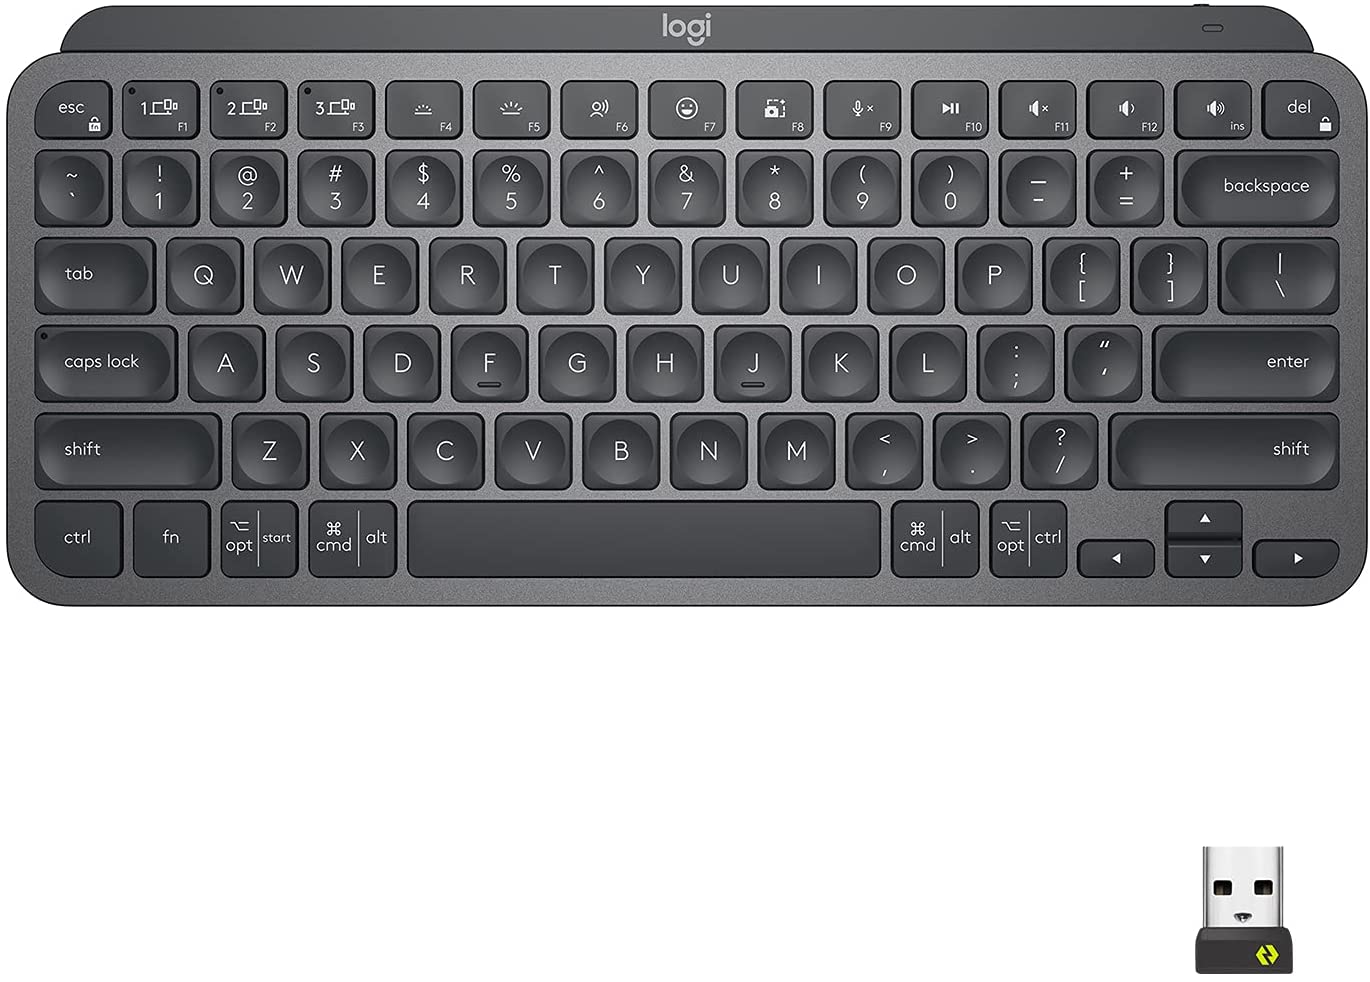 Logitech MX Keys Mini Wireless Illuminated Keyboard for Business, Compact, Logi Bolt USB Receiver, Backlit, Rechargeable, Windows, macOS, Linux, iOS, Android, Metal Build - Graphite
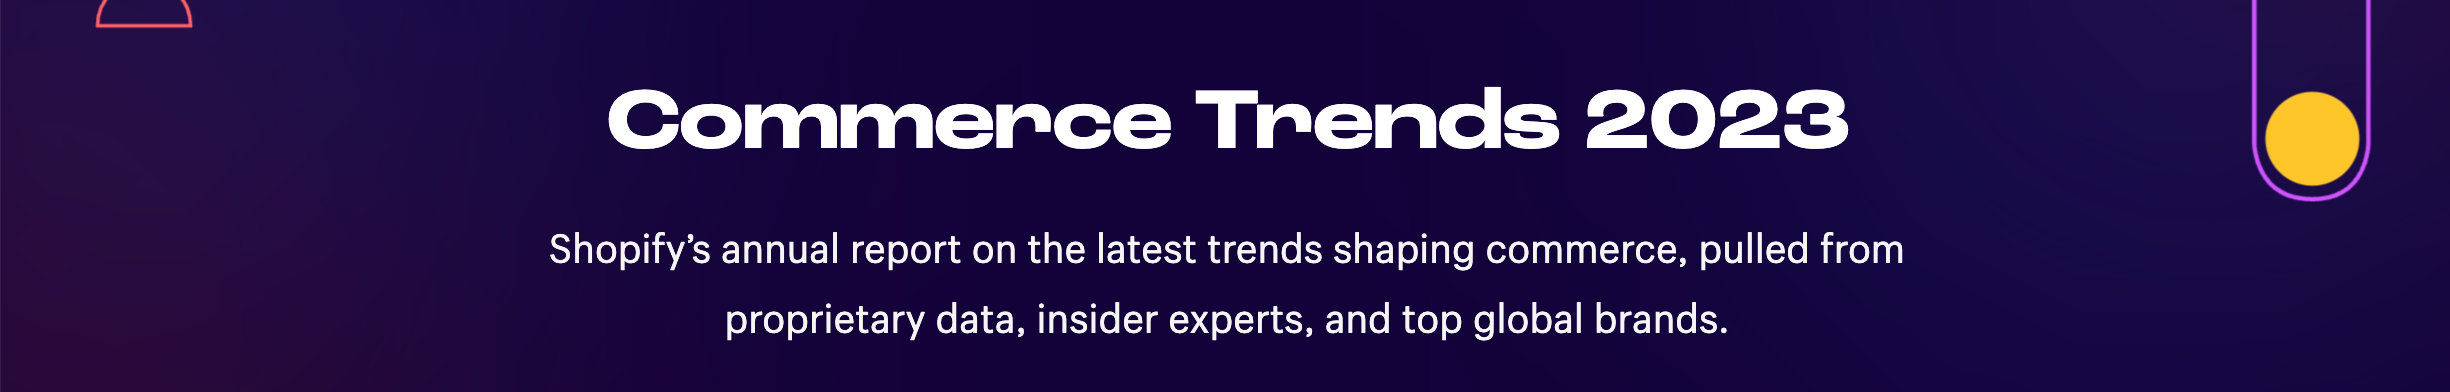 SHOPIFY COMMERCE TRENDS BANNER
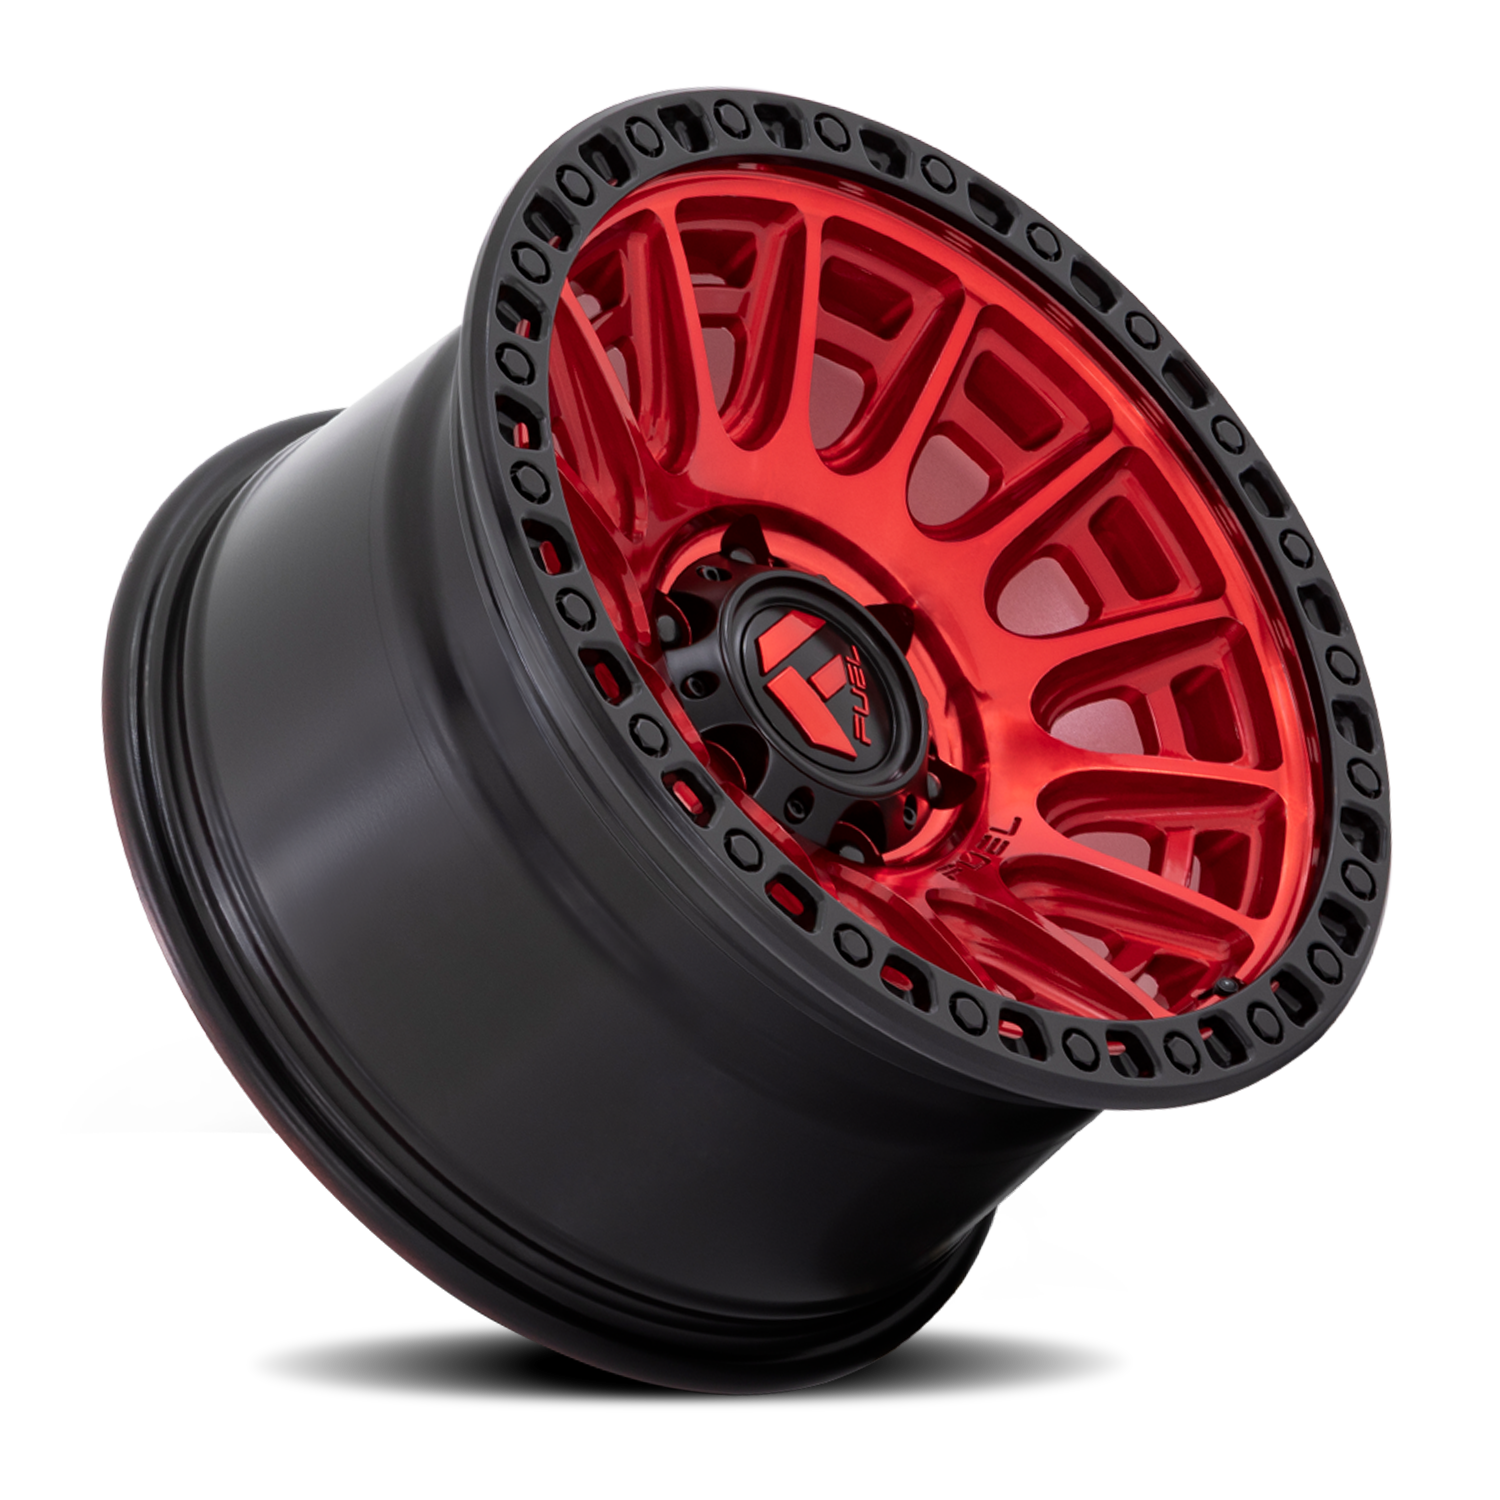 https://storage.googleapis.com/autosync-wheels/Fuel/Cycle_D834_Candy-Red_Black-Ring_5-lug_0002.png
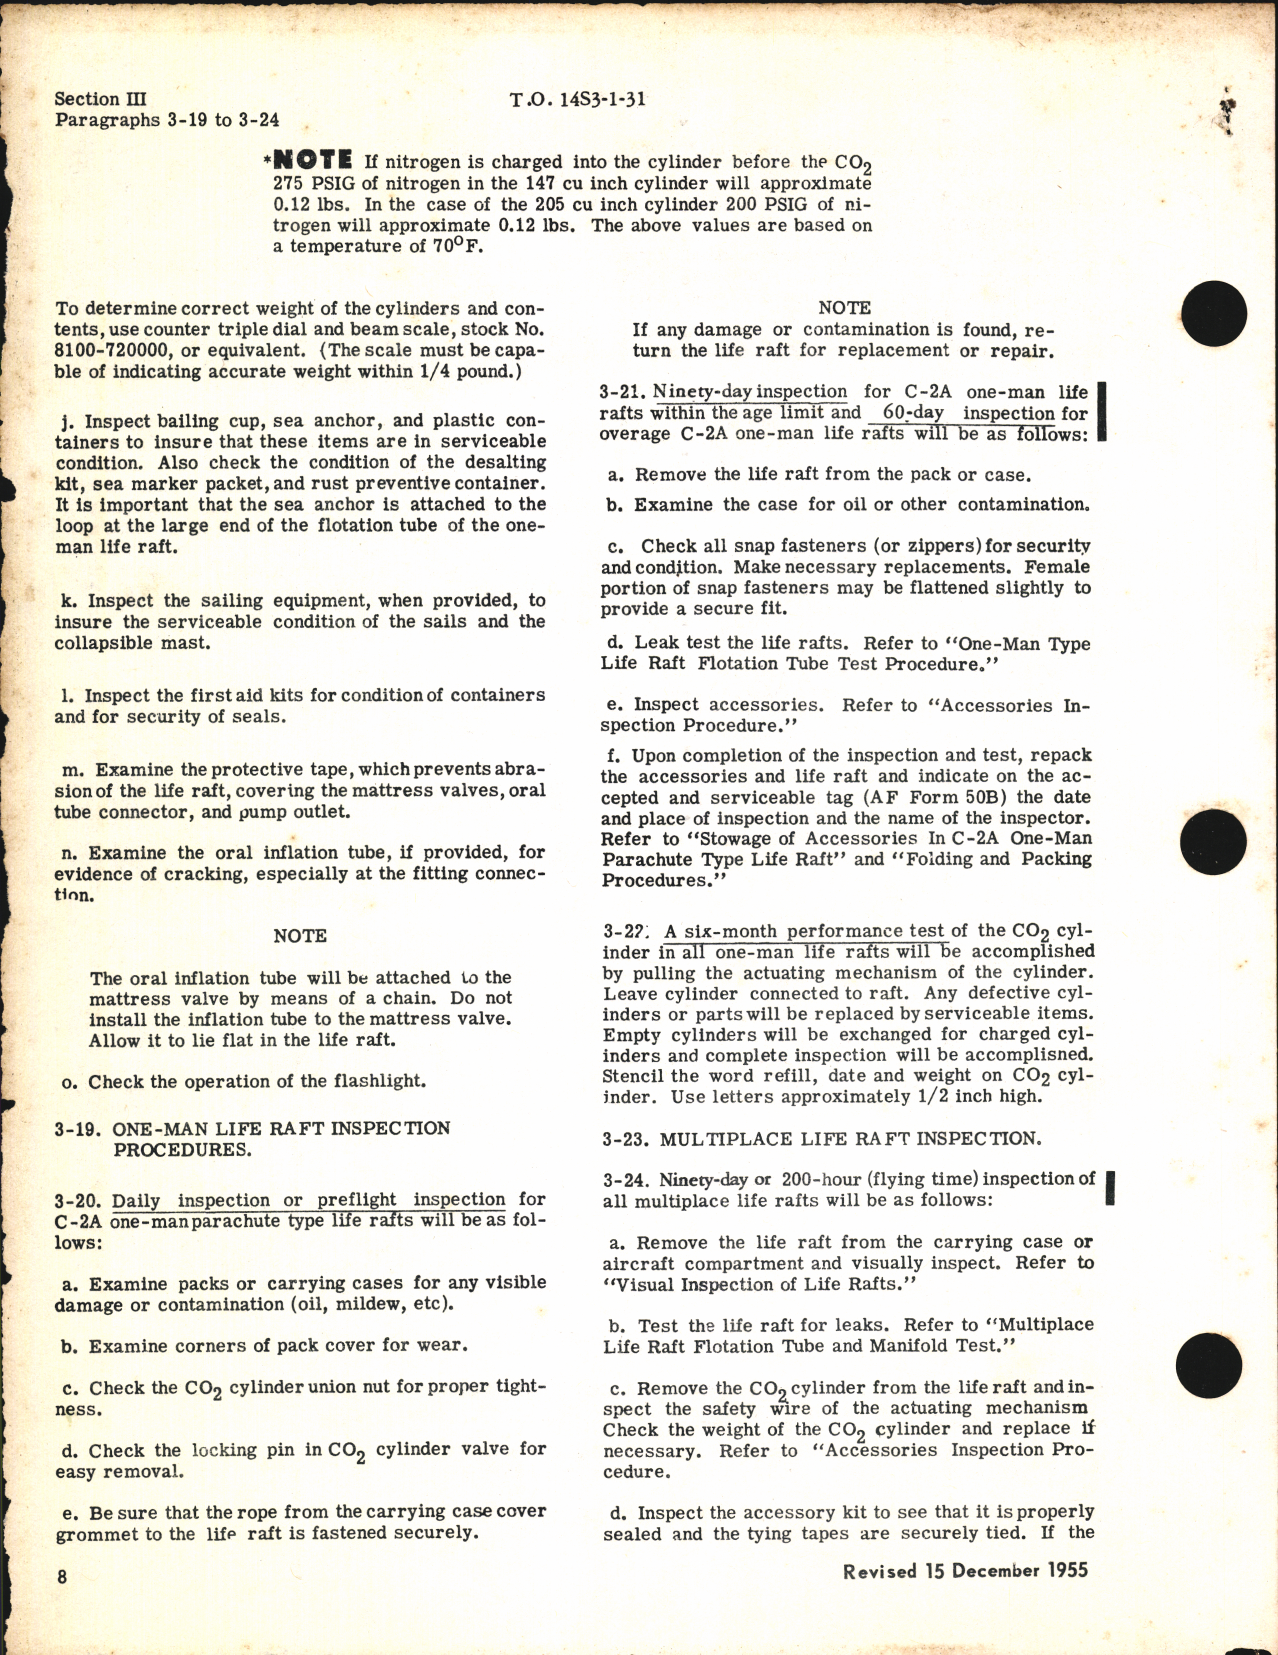 Sample page 6 from AirCorps Library document: Operation and Service Instructions with Accessory Parts List for Life Rafts
══════
→ **Exercise details**
Every line from the one with "SHOPIFY COMMERCE TRENDS BANNER" through the last line of the material gets printed exactly, and nothing more. Omit the pictures.

→ **Exercise solution**
 SHOPIFY COMMERCE TRENDS BANNER
 https://storage.googleapis.com/autosync-wheels/Fuel/Cycle_D834_Candy-Red_Black-Ring_5-lug_0002.png
 Sample page 6 from AirCorps Library document: Operation and Service Instructions with Accessory Parts List for Life Rafts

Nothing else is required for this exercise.